-- Exercise instructions --
Word for word, write out all the entries below, omitting every picture.

-- Dataset items --
<<<<
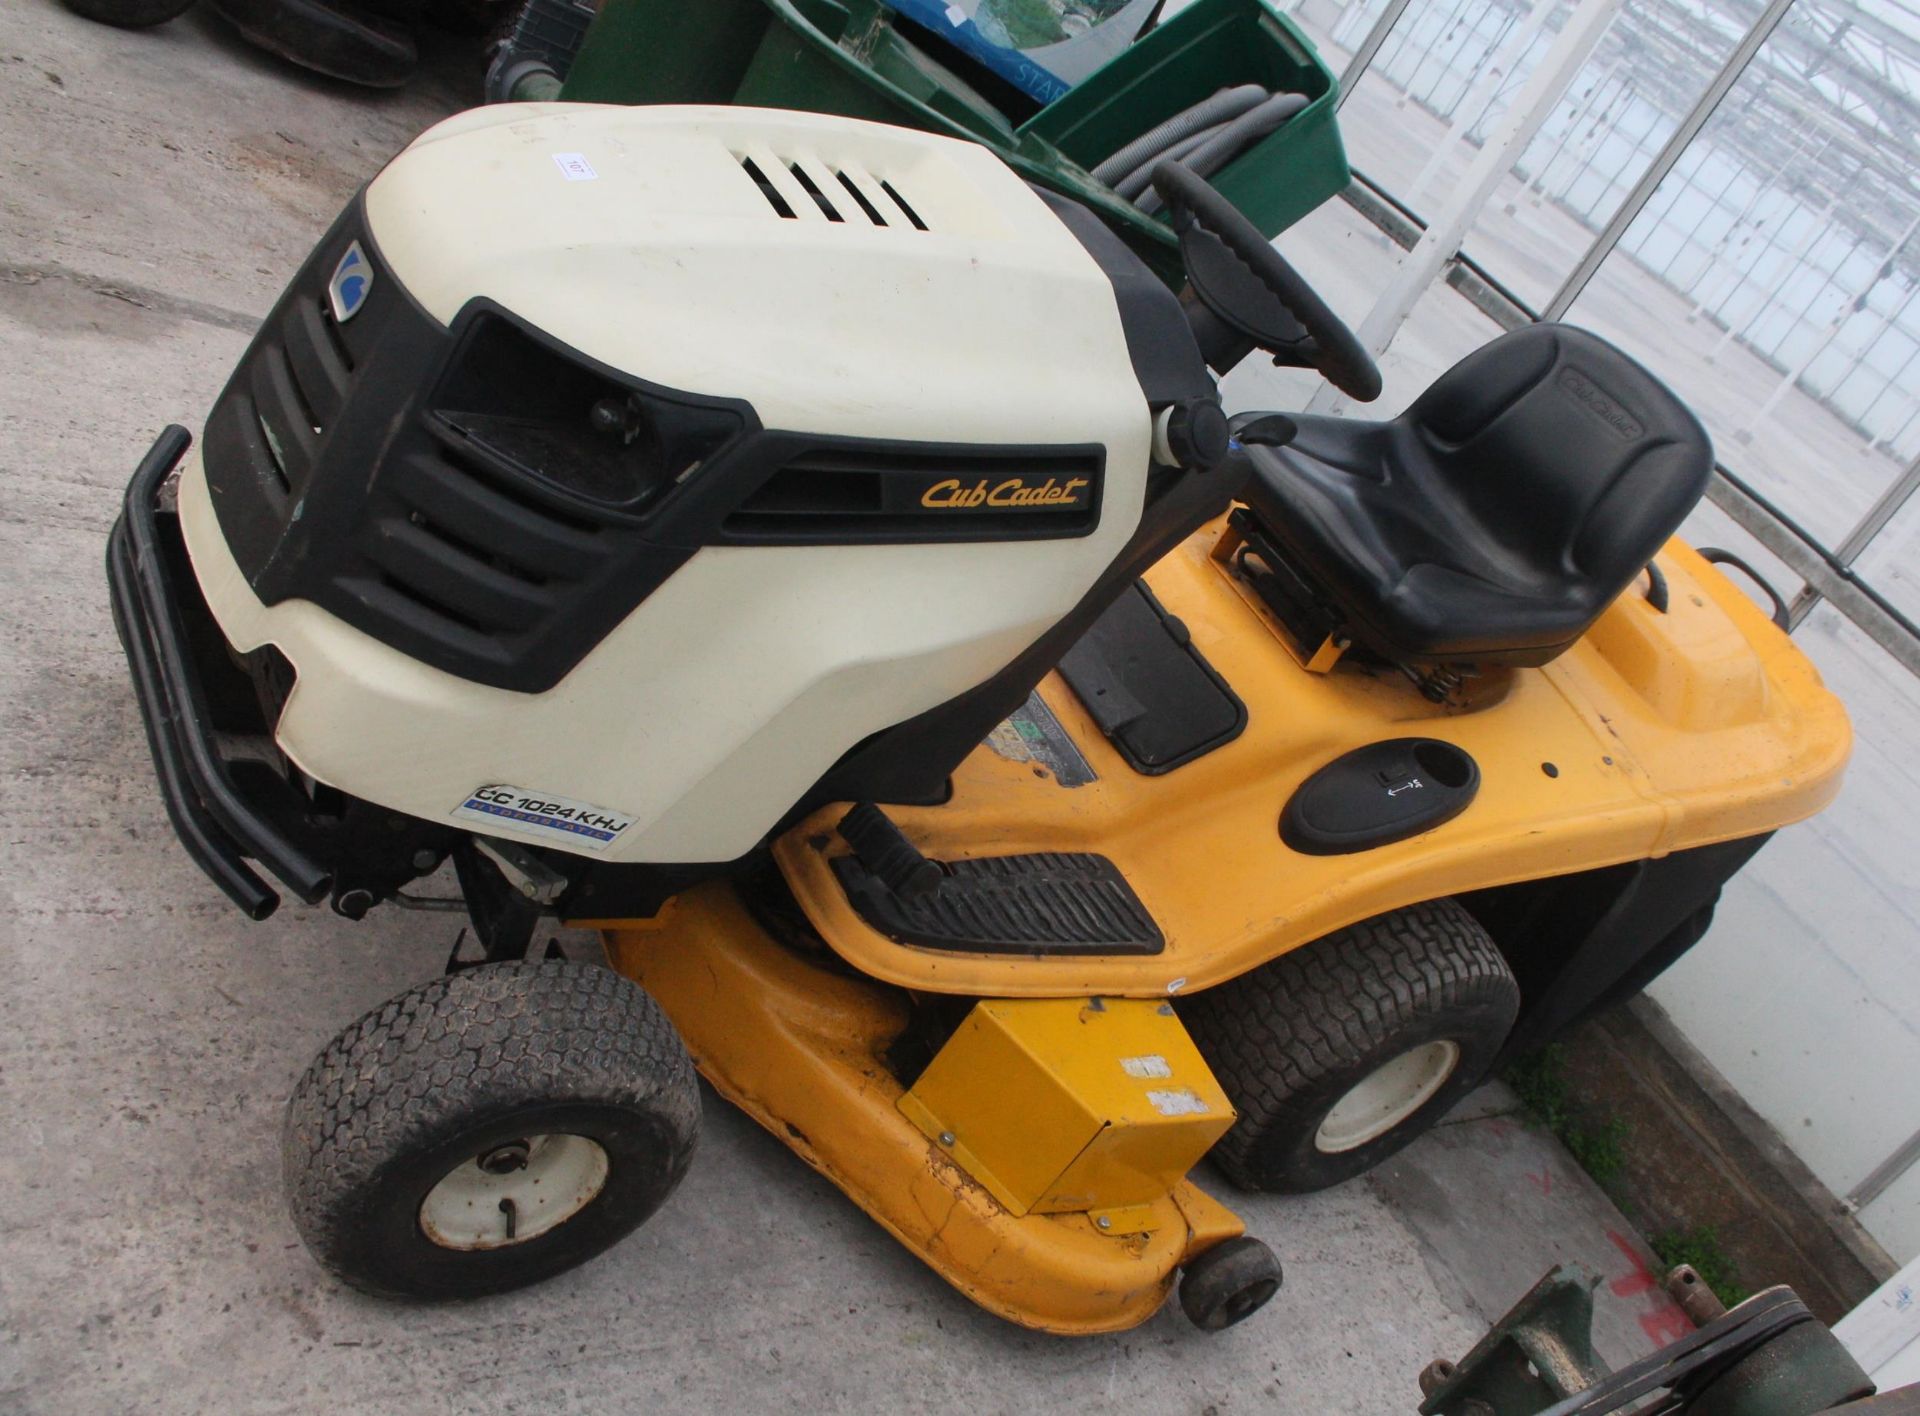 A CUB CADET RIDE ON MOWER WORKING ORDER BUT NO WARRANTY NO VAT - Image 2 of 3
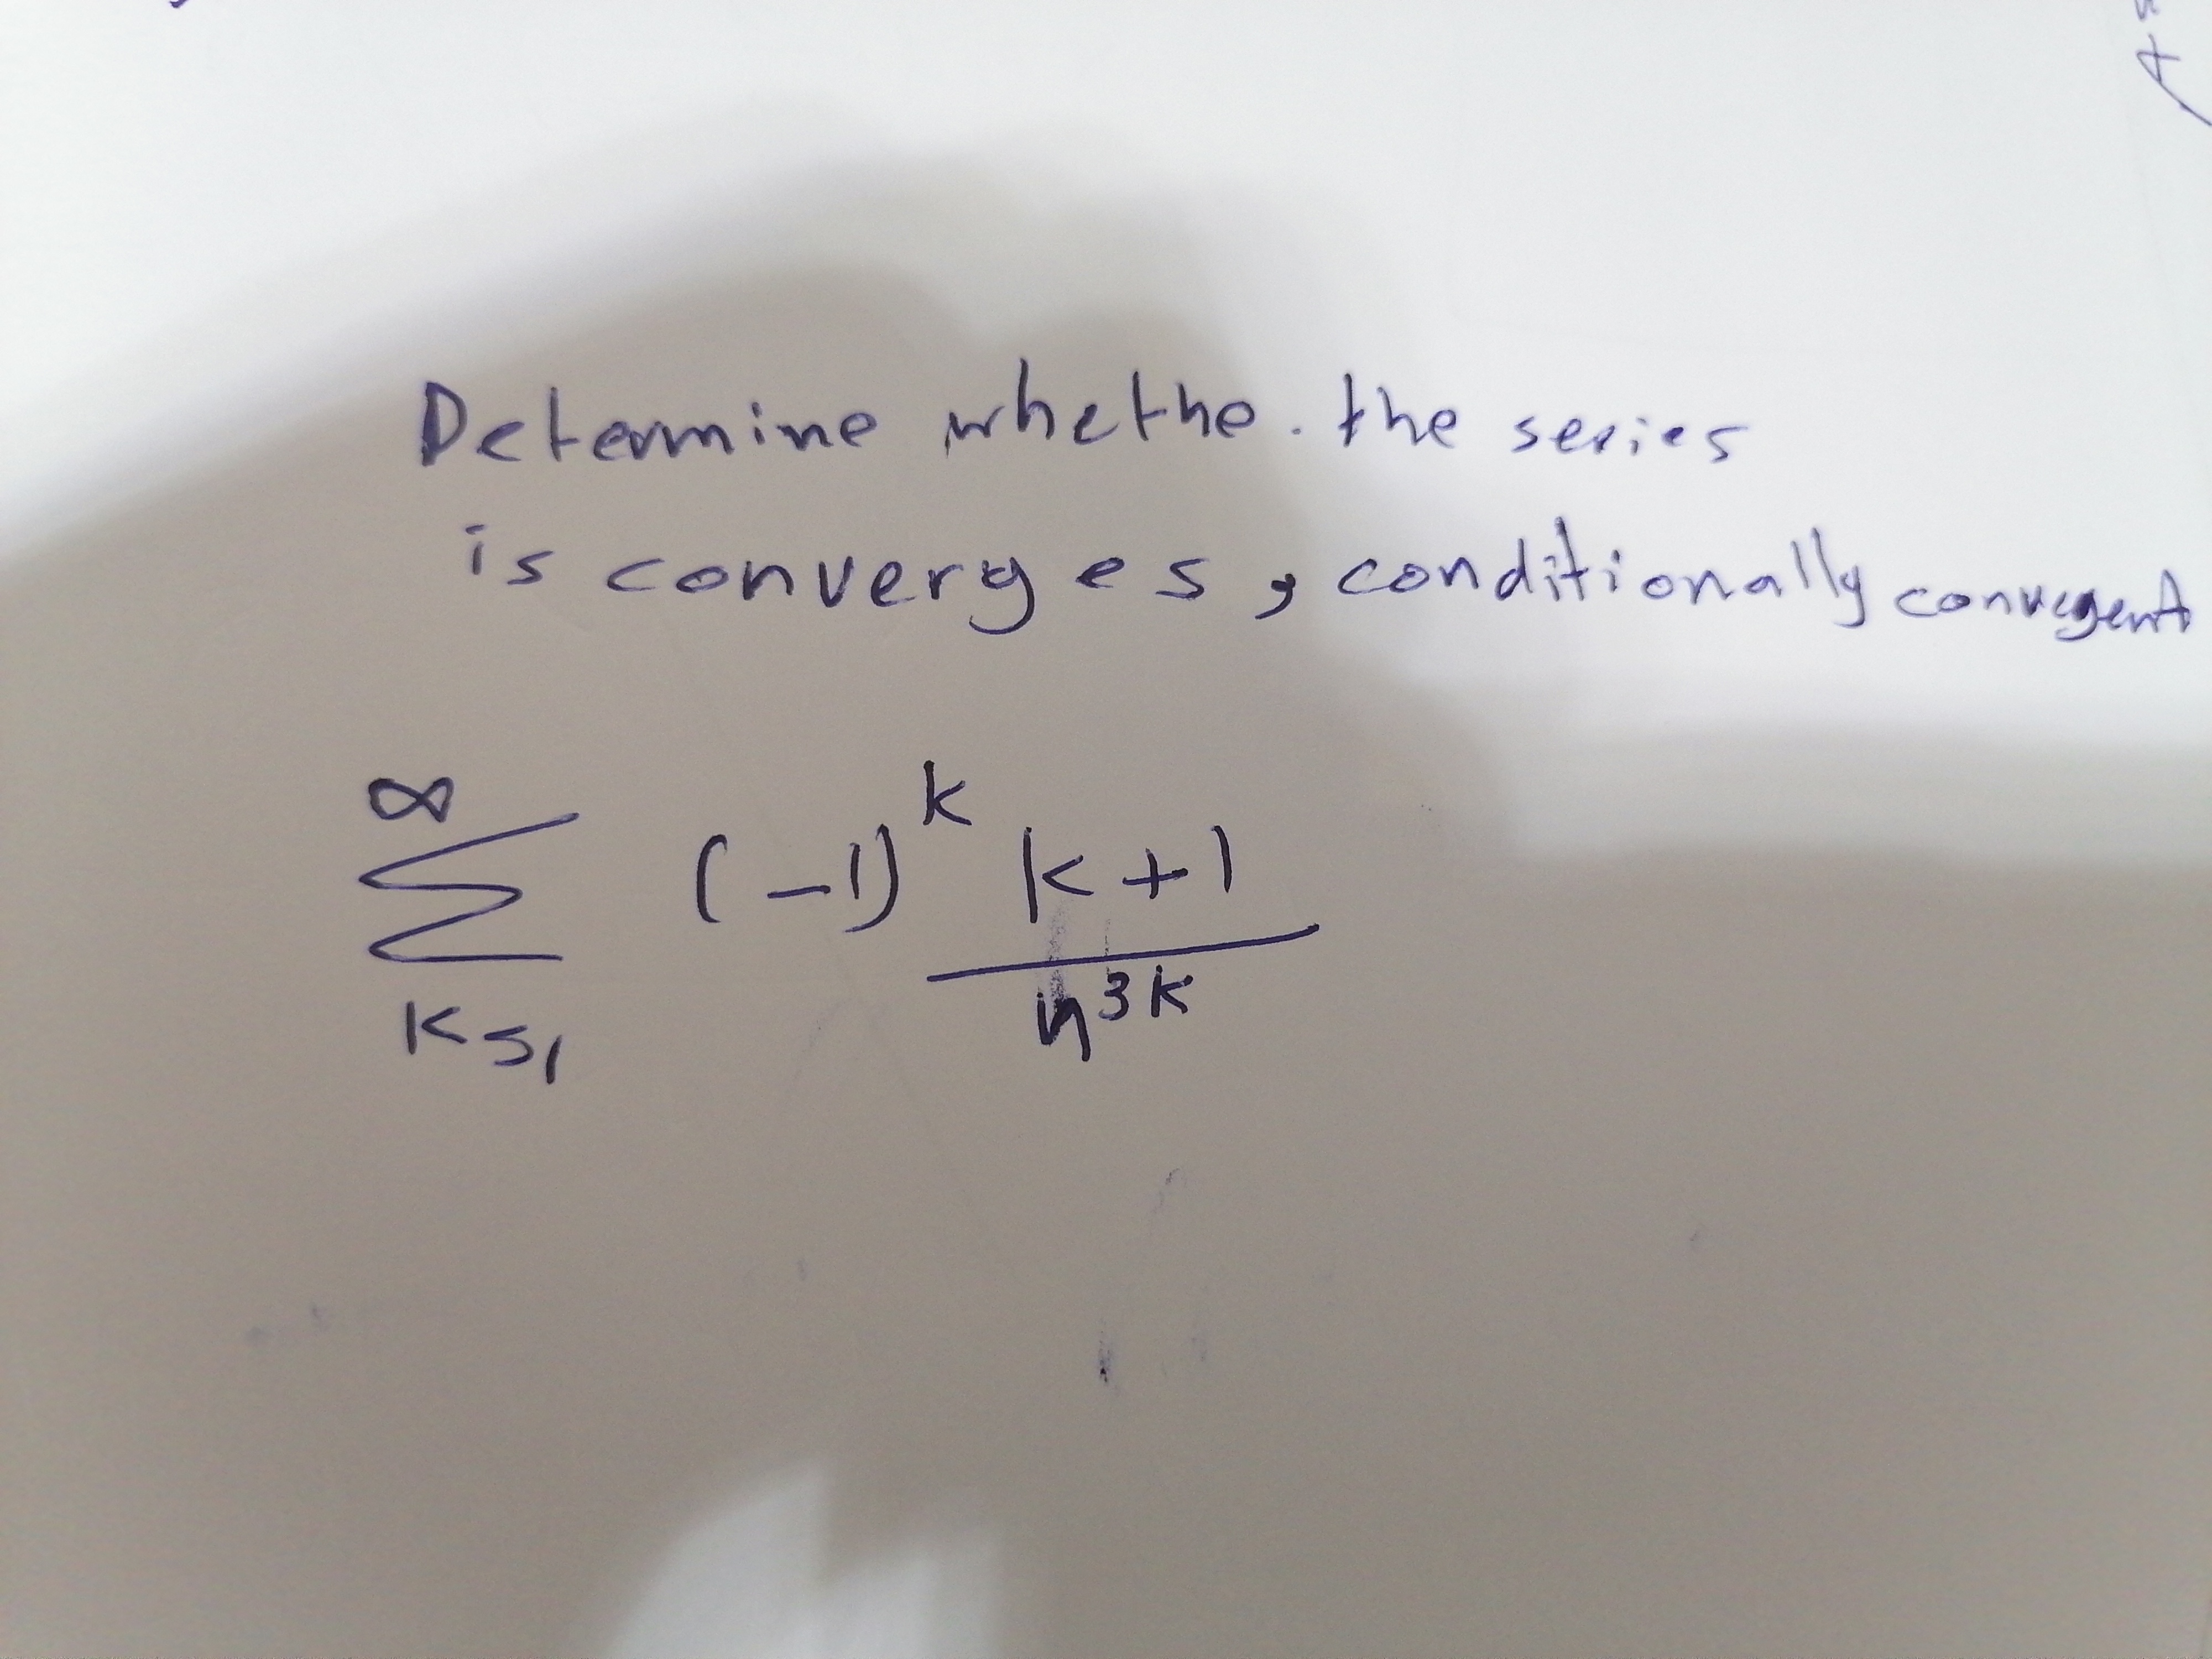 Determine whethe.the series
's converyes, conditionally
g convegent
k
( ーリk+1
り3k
>>>>
-- Response area --
 A CUB CADET RIDE ON MOWER WORKING ORDER BUT NO WARRANTY NO VAT - Image 2 of 3
 Determine whethe.the series
's converyes, conditionally
g convegent
k
( ーリk+1
り3k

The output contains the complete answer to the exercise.